The distinguishing features are interrelated. First, he concluded that in Prigg "the question of a trial by jury to determine the facts of the case, was not raised by the record and was not discussed by the [Supreme] court in giving its opinion." Second, because the 1793 Act did not create or authorize the use of United States Commissioners, Prigg obviously did not pass on the constitutionality of that feature of the 1850 Act.

These related aspects of the 1850 Act rendered the Act void, according to Justice Whiton:

"We are of opinion that so much of the act of congress in question, as refers to the commissions for decision, the questions of fact which are to be established by evidence before the alleged fugitive can be delivered up to the claimant, is repugnant to the constitution of the United States, and therefore void for two reasons: First, because it attempts to confer upon those officers judicial powers; and second, because it is a denial of the right of the alleged fugitive to have those questions tried and decided by a jury."

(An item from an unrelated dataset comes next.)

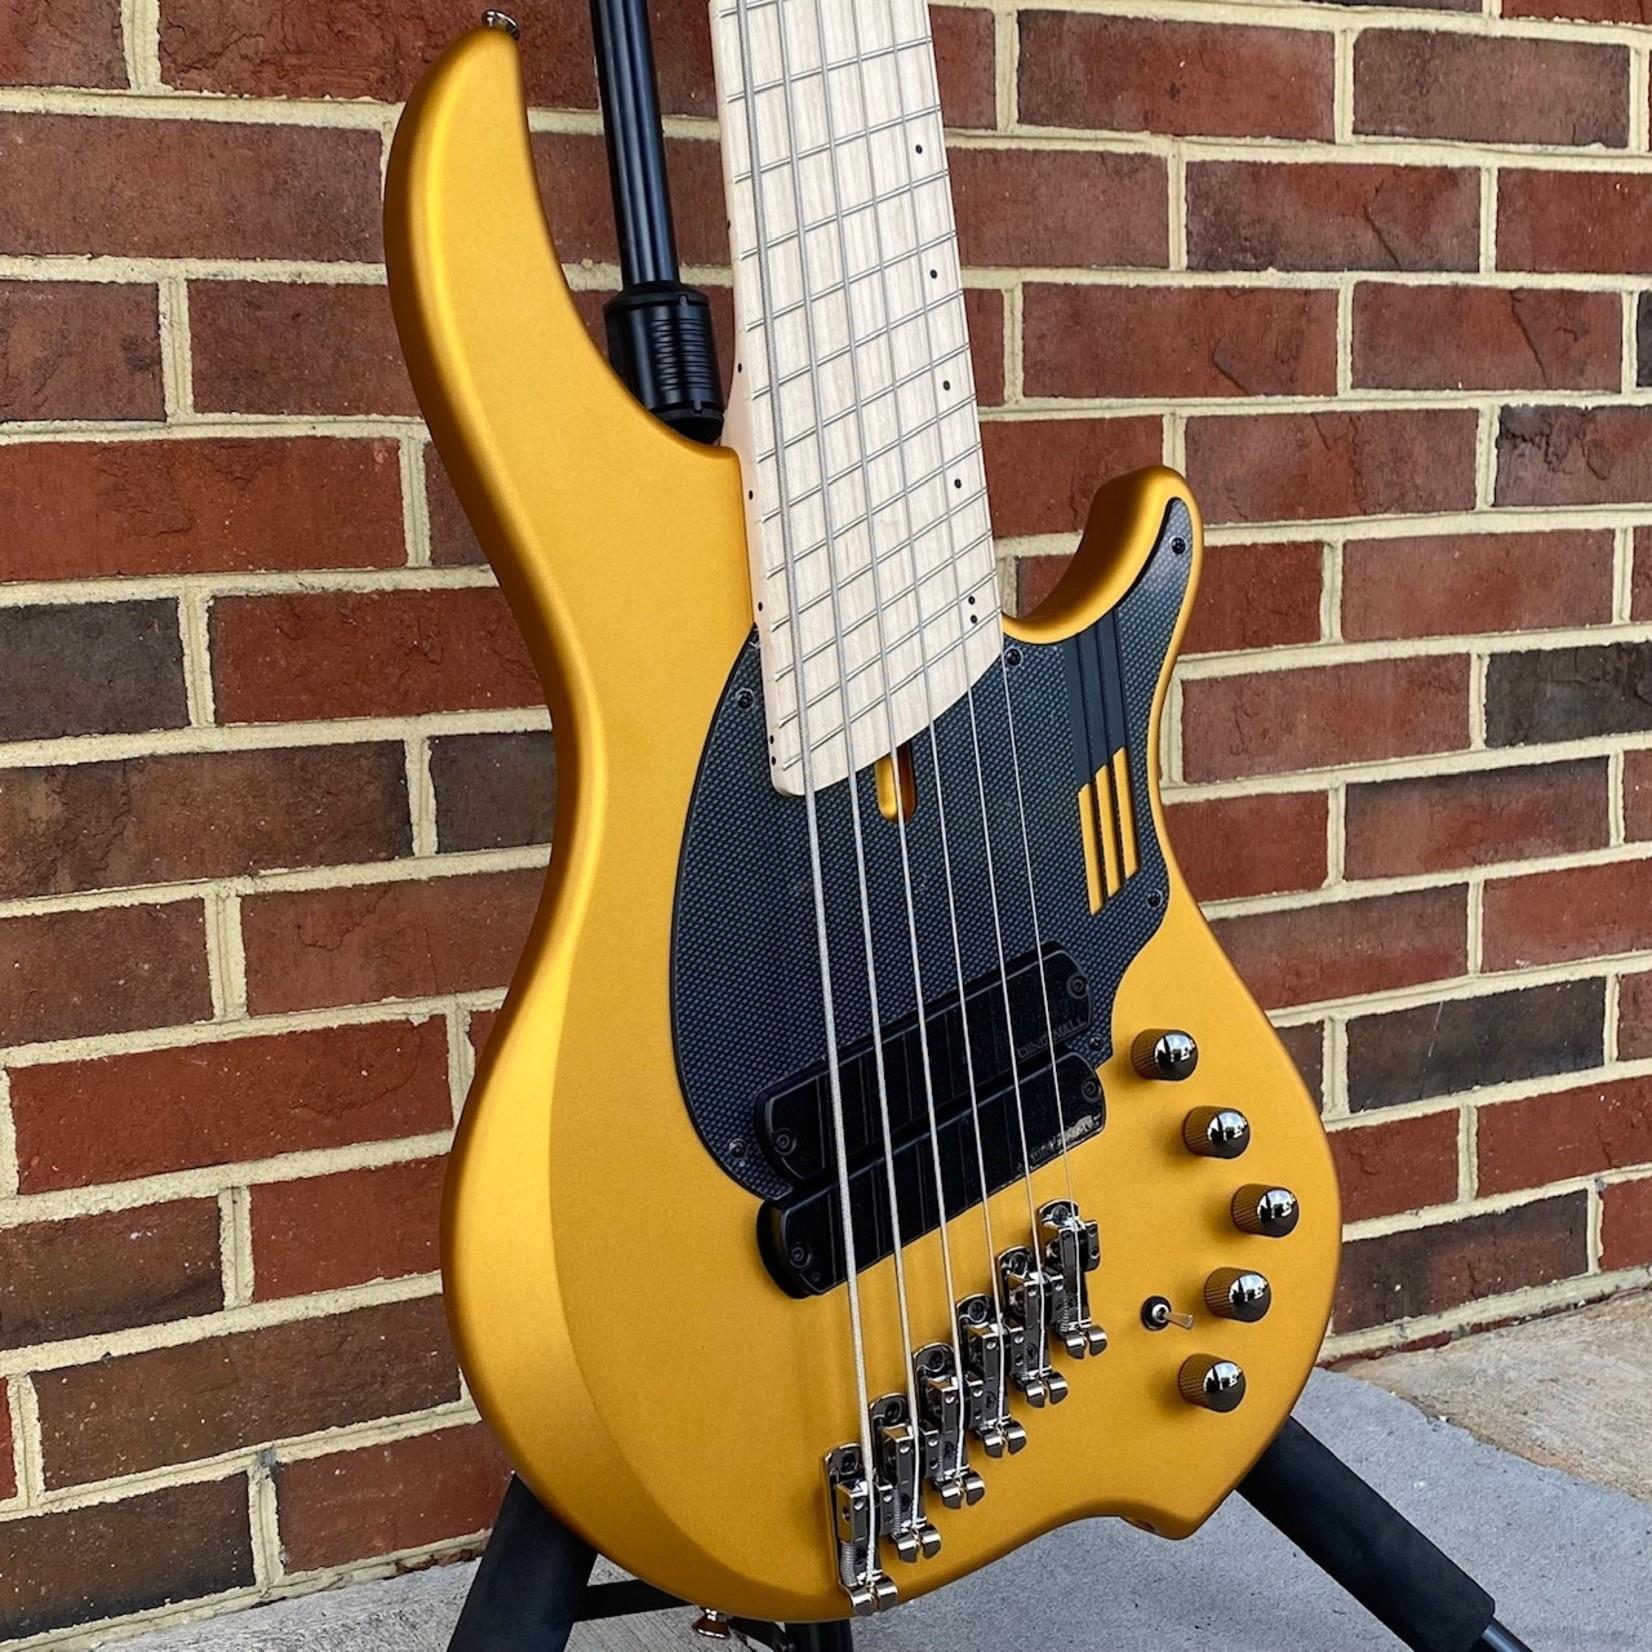 Dingwall Dingwall NG2 6-String, Matte Gold Metallic, Maple Fretboard, Matching Headstock, Dingwall Gig Bag, SN# 9647
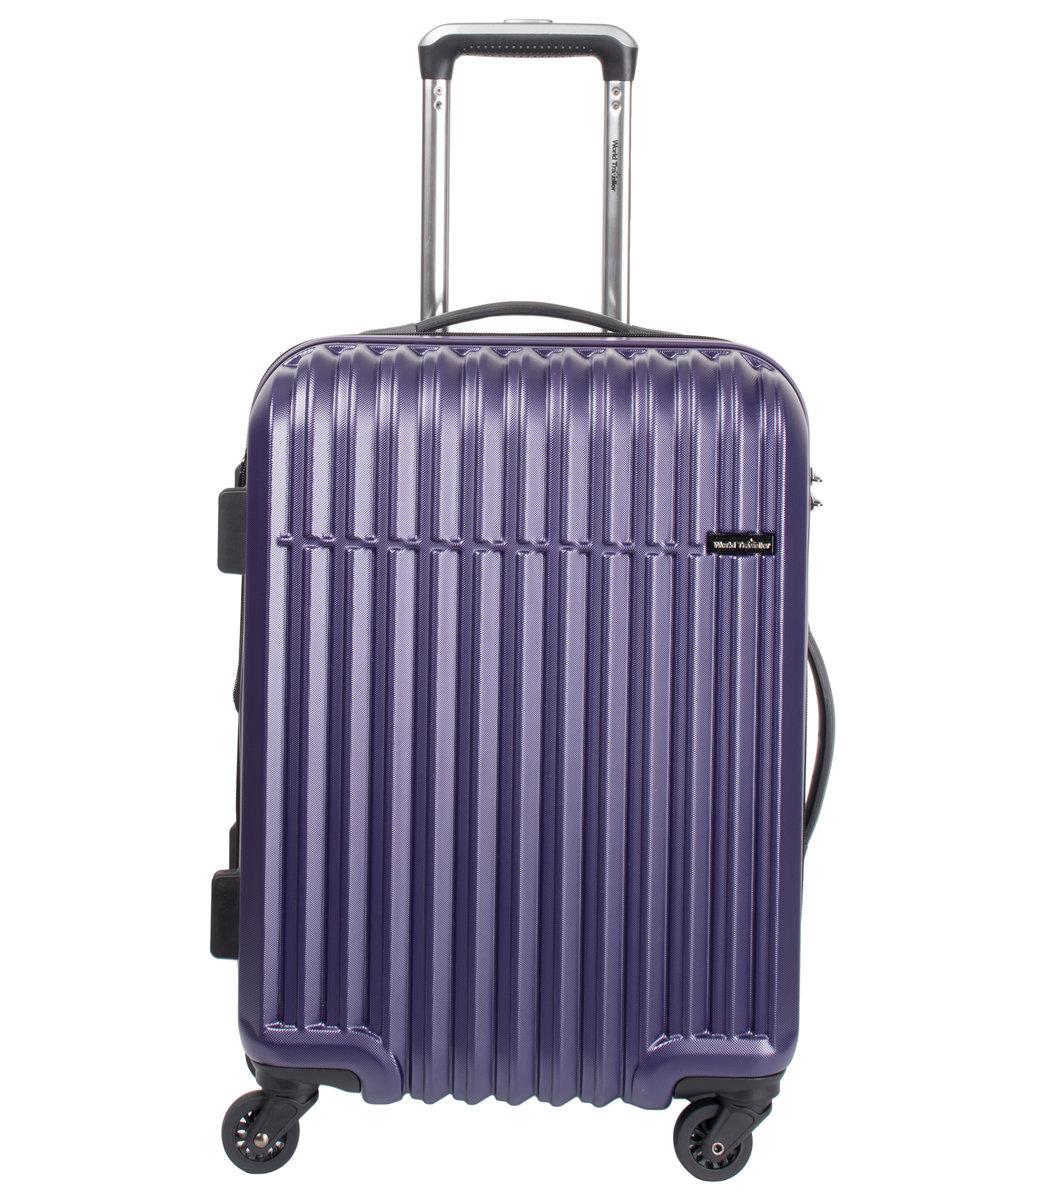 "World Traveller - TAIPEI 24"" (M) - Violet - 17T46103-008"

But Justice Whiton's opinion is probably more interesting for what it did not say. You will recall that Justice Smith had held the 1850 Act unconstitutional on the very broad ground that the Fugitive Slave Clause, Article IV, Section II did not grant Congress the power to pass enforcing legislation -- an argument that the United States Supreme Court had squarely discussed and rejected in Prigg. Justice Whiton specifically noted that Mr. Booth had raised this argument, but he then sidestepped it by deciding the constitutional issue on the narrower grounds noted above.